**Exercise prompt:**
Starting with the line that contains "dodder Cuscuta epithymum", return every line through the end of the listing below exactly as written. Omit the pictures.

**Input data:**

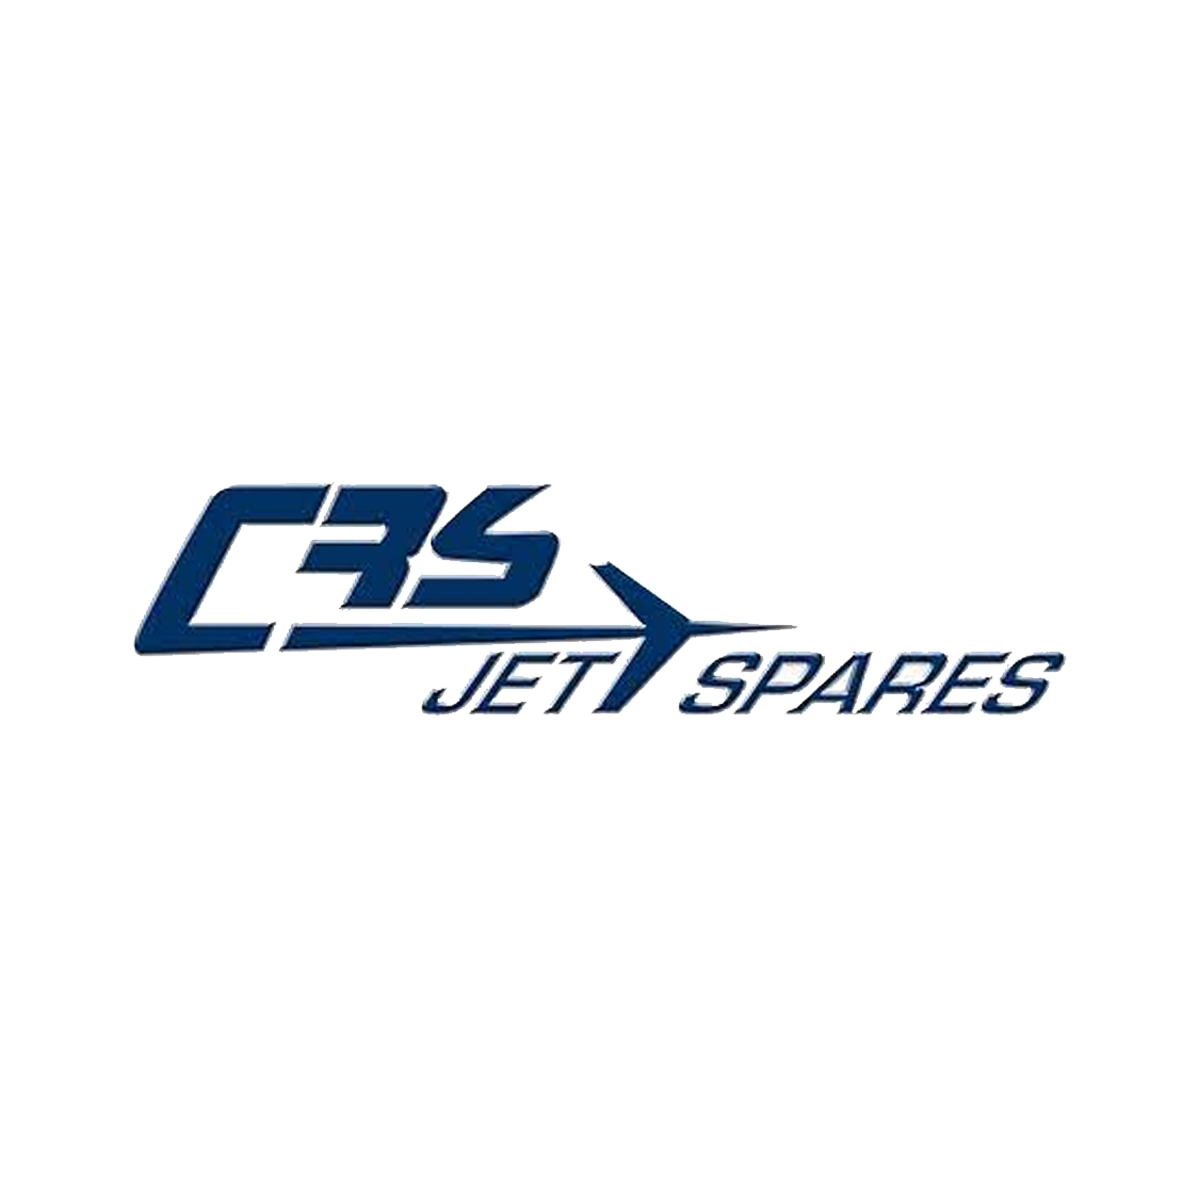 Logo CRS Jet Spares
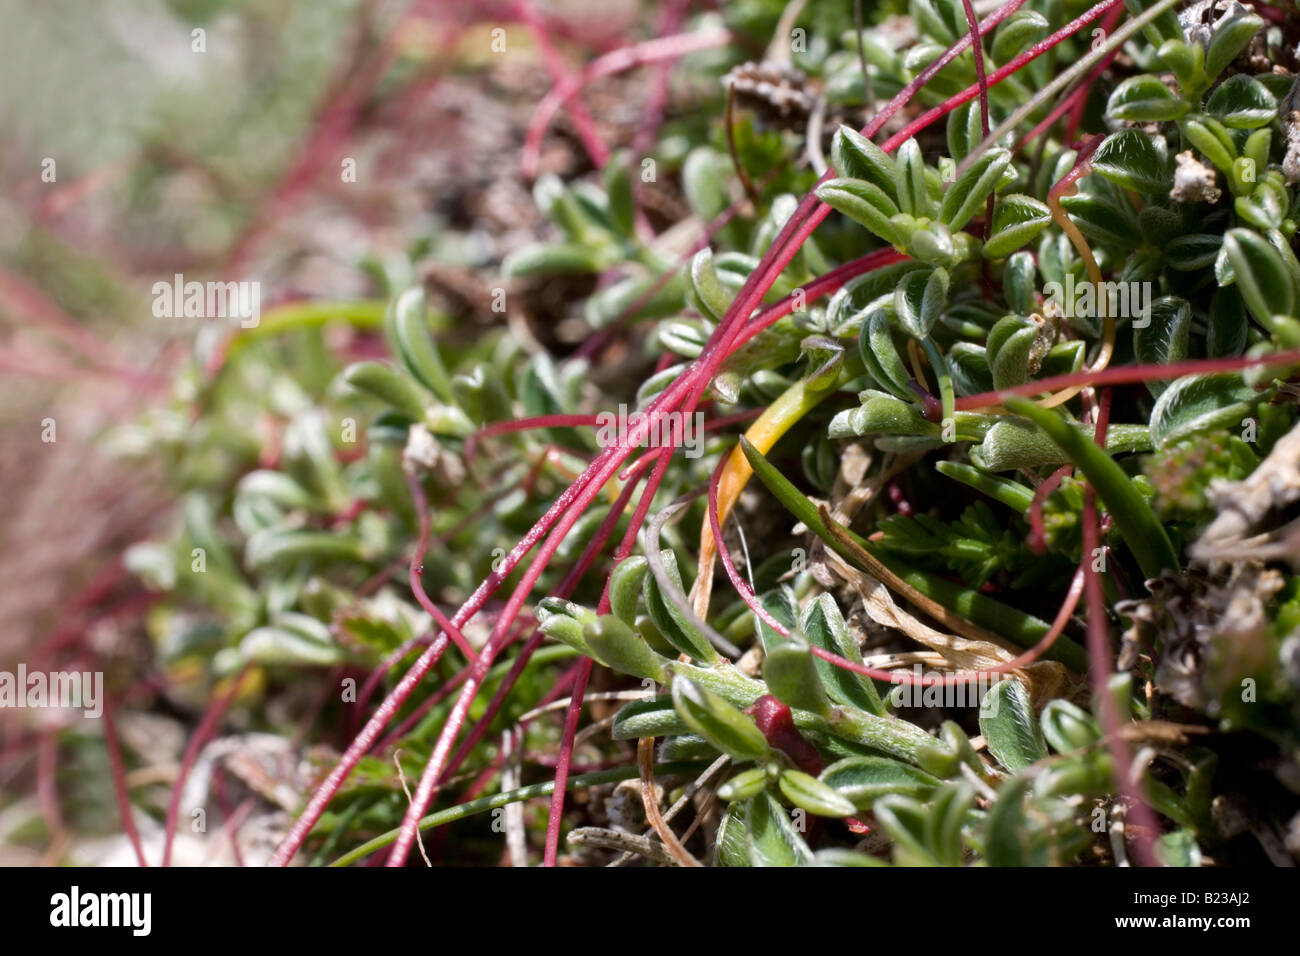 dodder Cuscuta epithymum growing on hairy greenweed Stock Photo
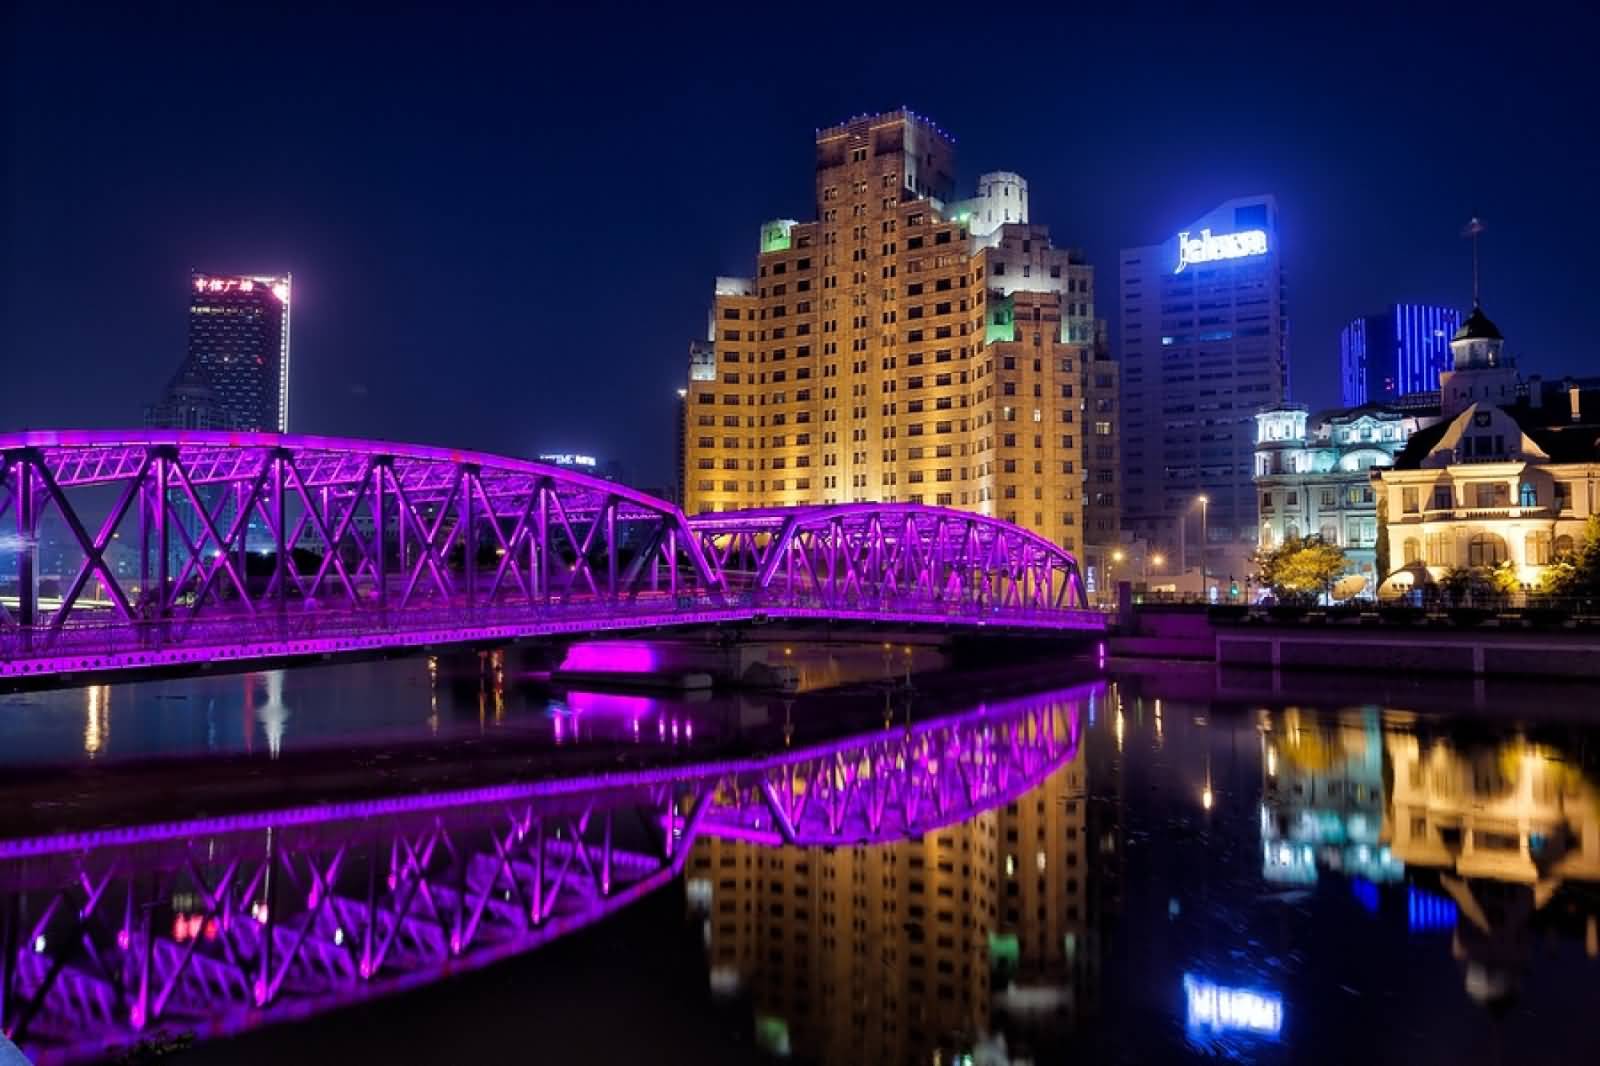 Waibaidu Bridge At Night With Pink Lights

**Solution for this task:**
 dodder Cuscuta epithymum growing on hairy greenweed Stock Photo
 Waibaidu Bridge At Night With Pink Lights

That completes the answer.